Two practical tips. First, diversity matters more than quantity. Miso, kimchi, 酸菜, yogurt, and 豆腐乳 each contribute different bacterial strains. Eating five servings of yogurt is less valuable than eating one serving each of five different fermented foods. Second, buy from the refrigerated section. Room temperature shelf-stable fermented products have typically been heat-treated, which kills live cultures. If you want living bacteria, cold chain is the signal.

Where to buy

Traditional markets (菜市場) for 豆腐乳 (better variety, fresher, often from small-batch producers), 酸菜 and pickled vegetables (sold from barrels, you can ask how long it's been fermenting), and specialty items like 客家福菜. Dongmen Market near MRT Dongmen Station and Binjiang Market (濱江市場) near Songshan Airport are good starting points.

Supermarkets (全聯, 家樂福) for naturally brewed soy sauce (wider brand selection), refrigerated kimchi, unsweetened yogurt, miso paste, and 豆腐乳 from brands like 江記.

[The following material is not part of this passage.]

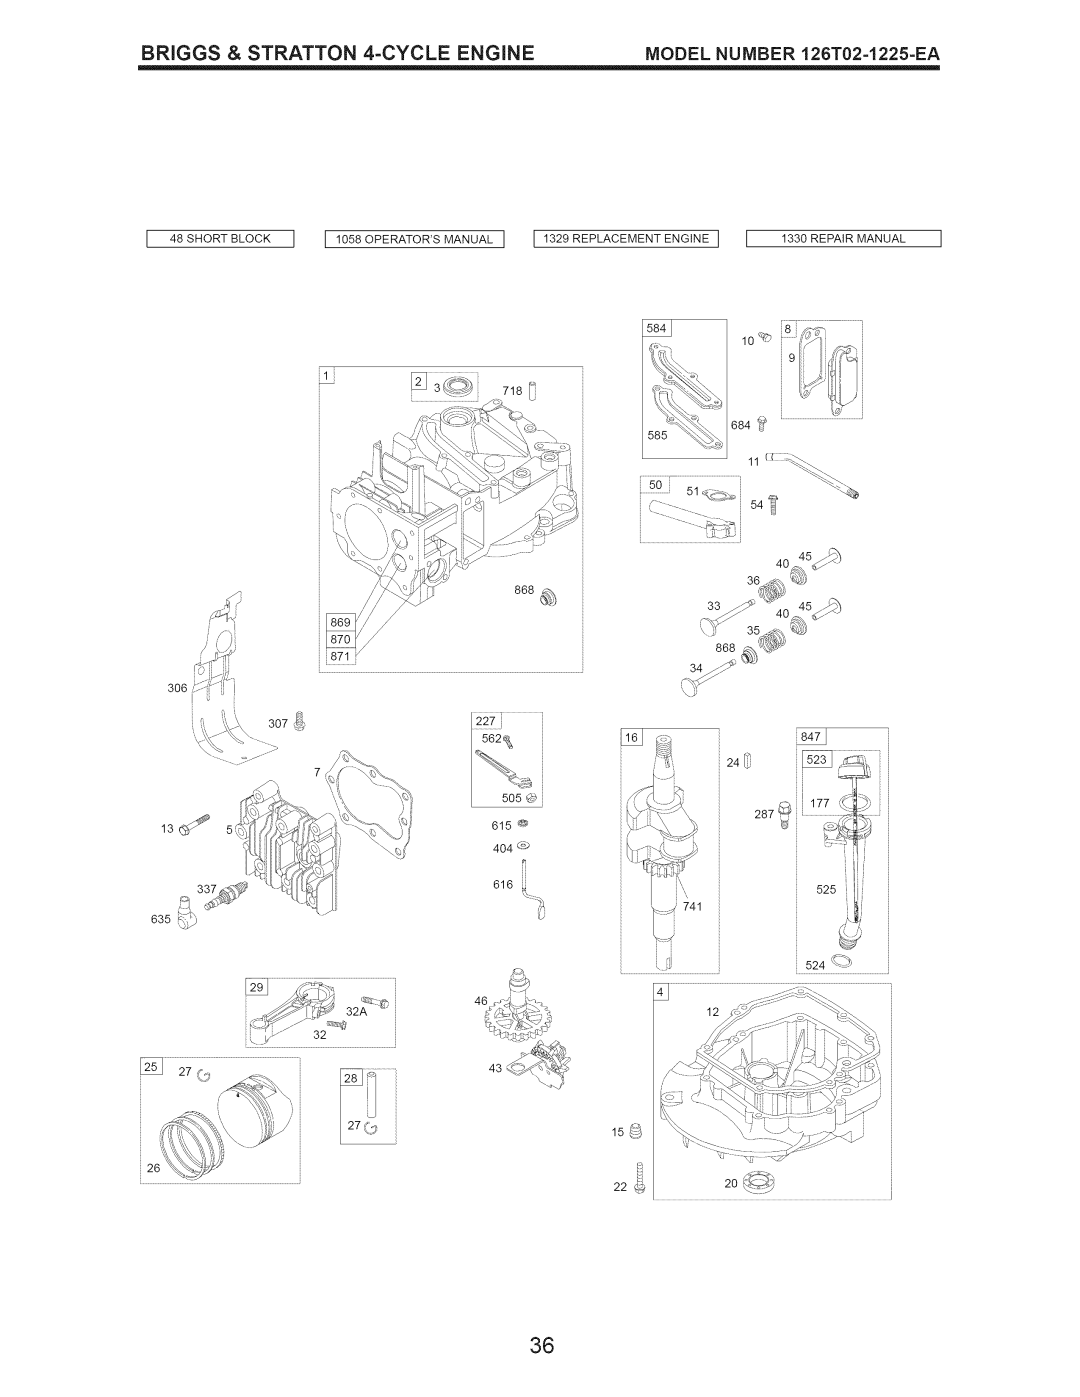 Craftsman 917.389051 manual _84J, _;qL#, Short Block, II058OPERATORSMANUALI I 1329 REPLACEMENT ENGINE, Repair Manual, 562_ 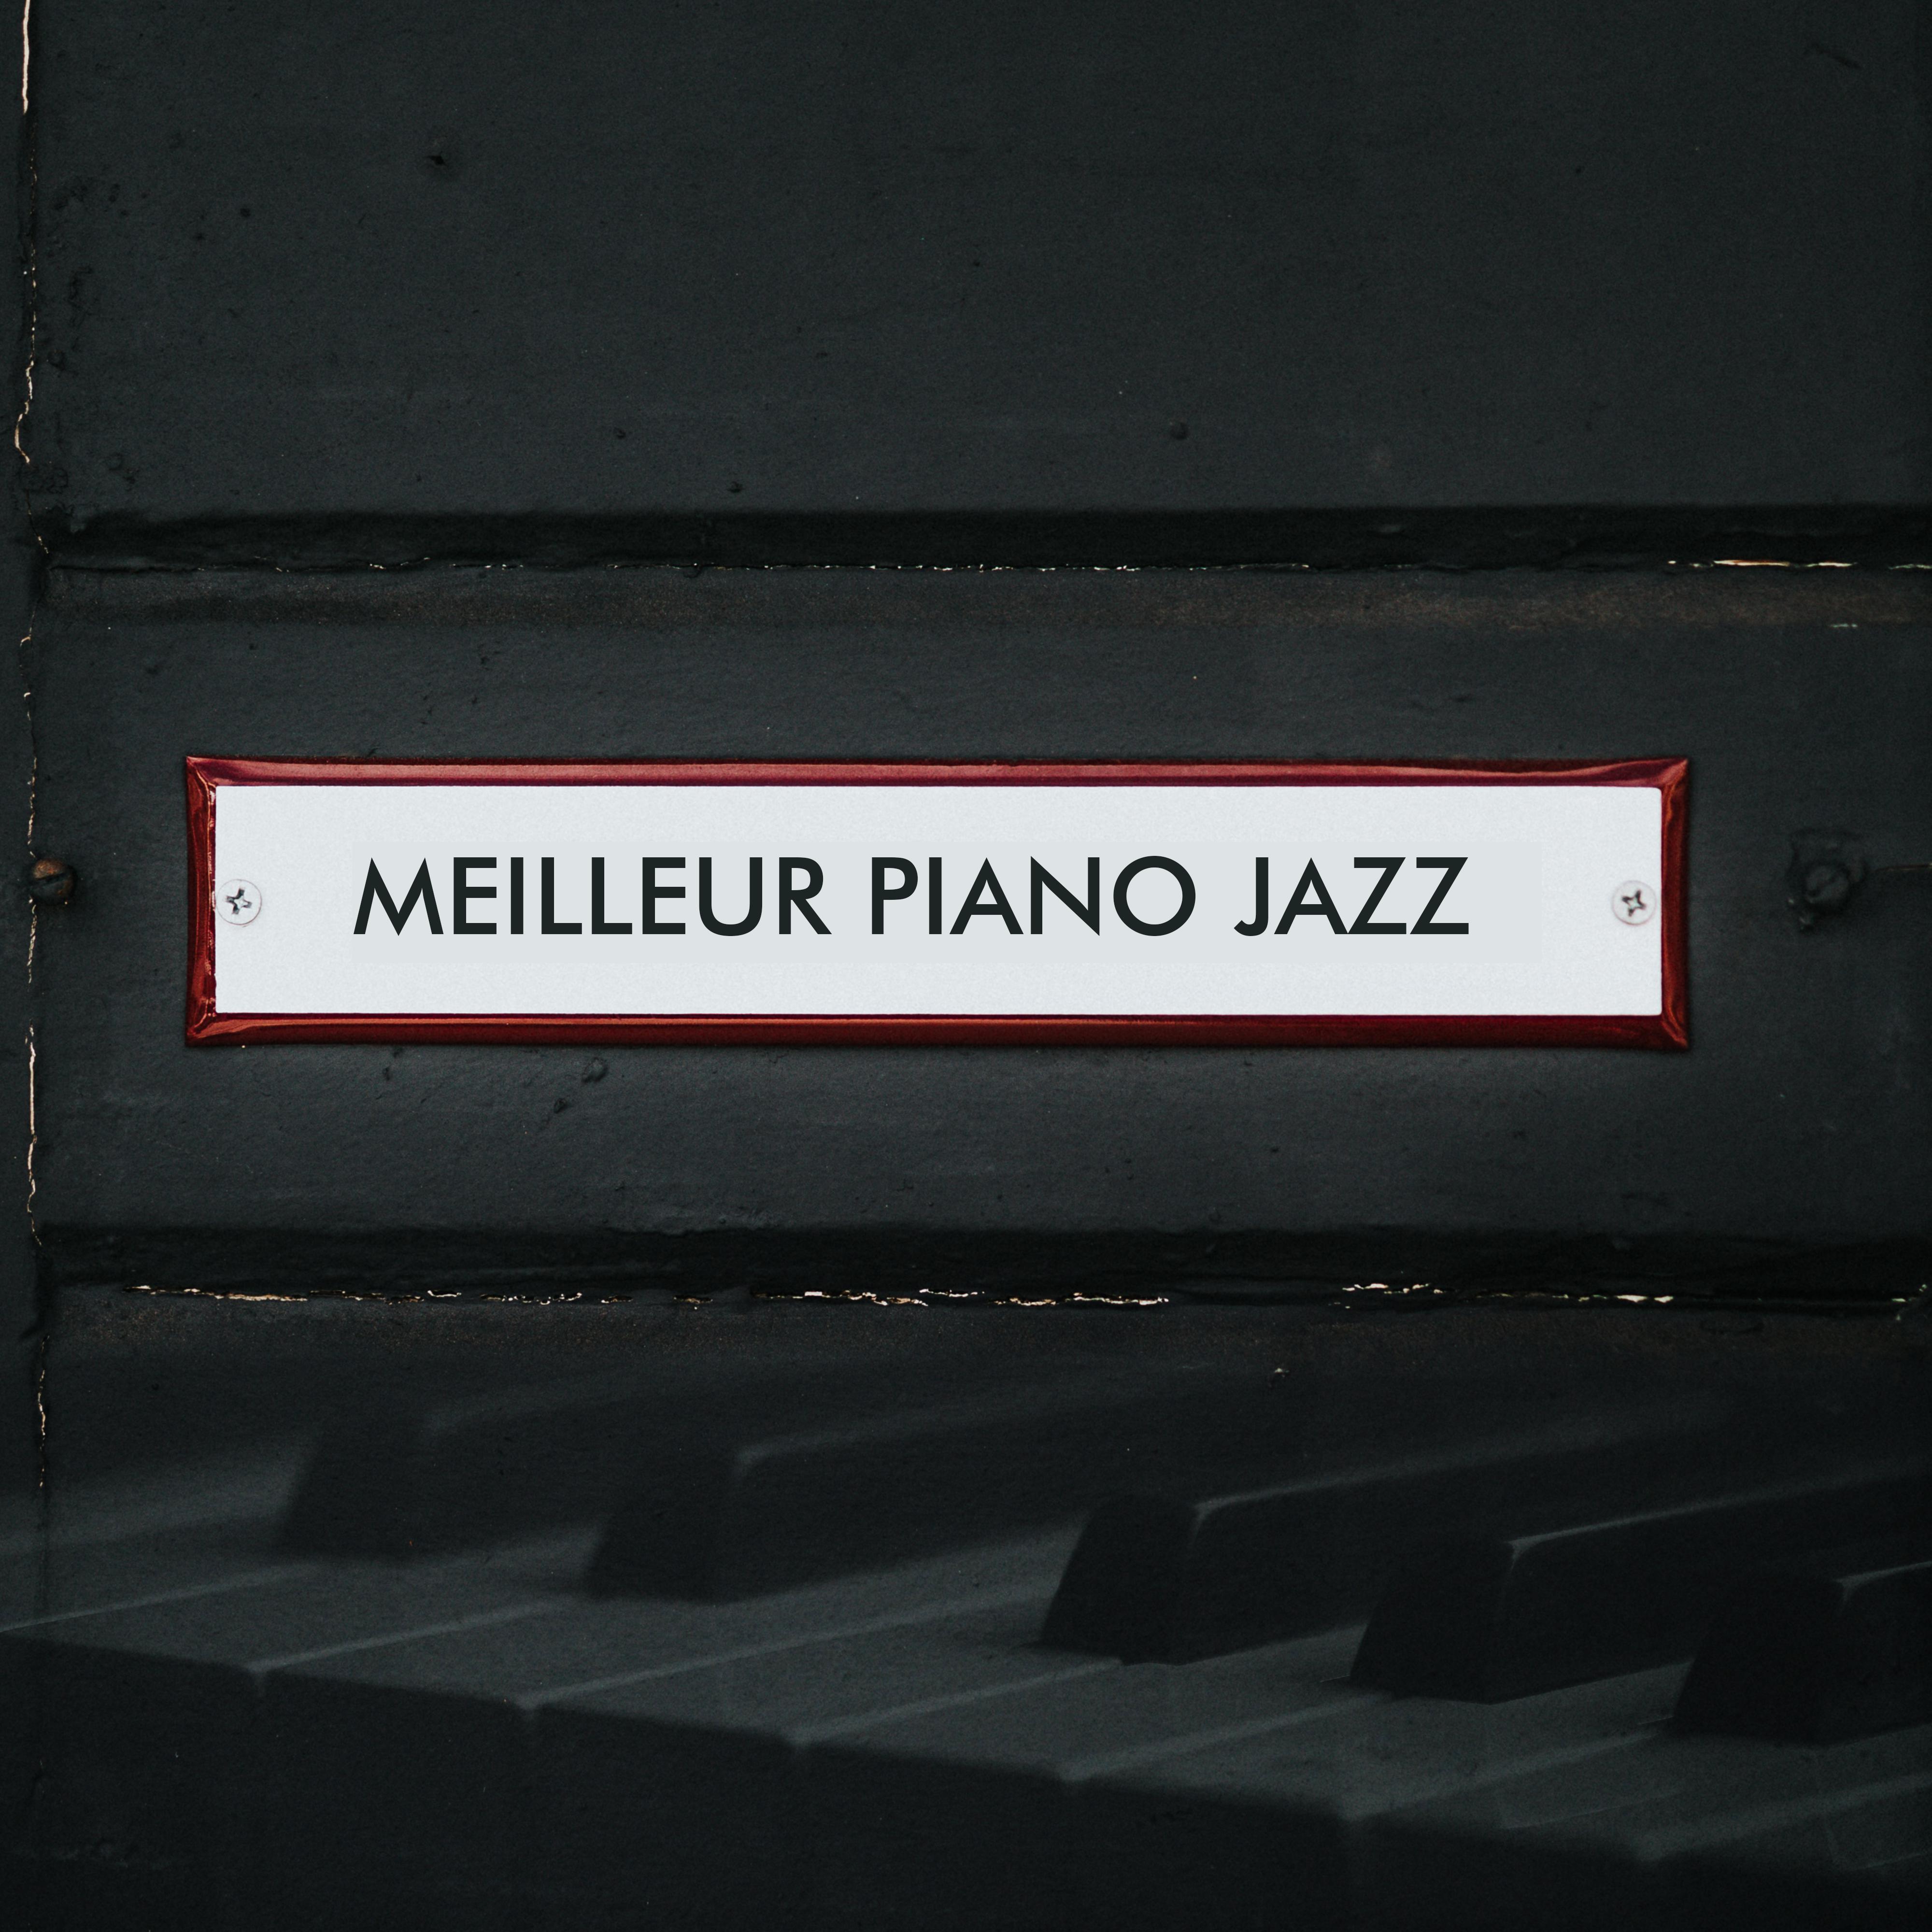 Meilleur piano jazz

What to look for on labels. 冷藏 (refrigerated) is better than 常溫 (shelf-stable) for live cultures. 釀造 (naturally brewed) on soy sauce means real fermentation. Avoid added sugars and artificial sweeteners. On 豆腐乳, glass jars with listed fermentation dates generally indicate longer, more traditional processing than plastic containers.

Frequently Asked

Is store-bought kimchi as good as homemade?
If it's refrigerated and unpasteurized, close enough. The shelf-stable jars on room-temperature shelves have been heat-treated. Look for the fridge section, and check that the label doesn't say 已殺菌 (pasteurized).
Do I still need a probiotic supplement?
For most healthy people eating diverse fermented foods regularly, no. Supplements make sense after antibiotics, or for specific diagnosed conditions. For daily maintenance, food wins. More diverse, cheaper, better absorbed.
How long before I feel a difference?
Three to four weeks for most people. Sleep quality usually improves first. Then mood steadiness. Then digestive comfort. The changes are gradual, not dramatic.
Can I eat too much fermented food?
Starting too fast can cause bloating. Begin with three to four servings per week and increase gradually over a month. Most people handle seven or more per week without issues once their microbiome adapts.
What about kombucha?
Most bottled kombucha in Taiwan's convenience stores is pasteurized, meaning the bacteria are dead. Fresh kombucha from specialty fermentation shops (NT$80 to 150 per bottle) is genuinely live, but gram-for-gram, miso soup is cheaper and just as effective. Drink kombucha because you like it, not because you think it's superior.
I have IBS. Is this safe?
Fermented foods help many people with IBS but can trigger flares in others, particularly high-gas producers like kimchi. Start very slowly with lower-FODMAP options like miso, track your symptoms, and consult your gastroenterologist if things worsen rather than improve.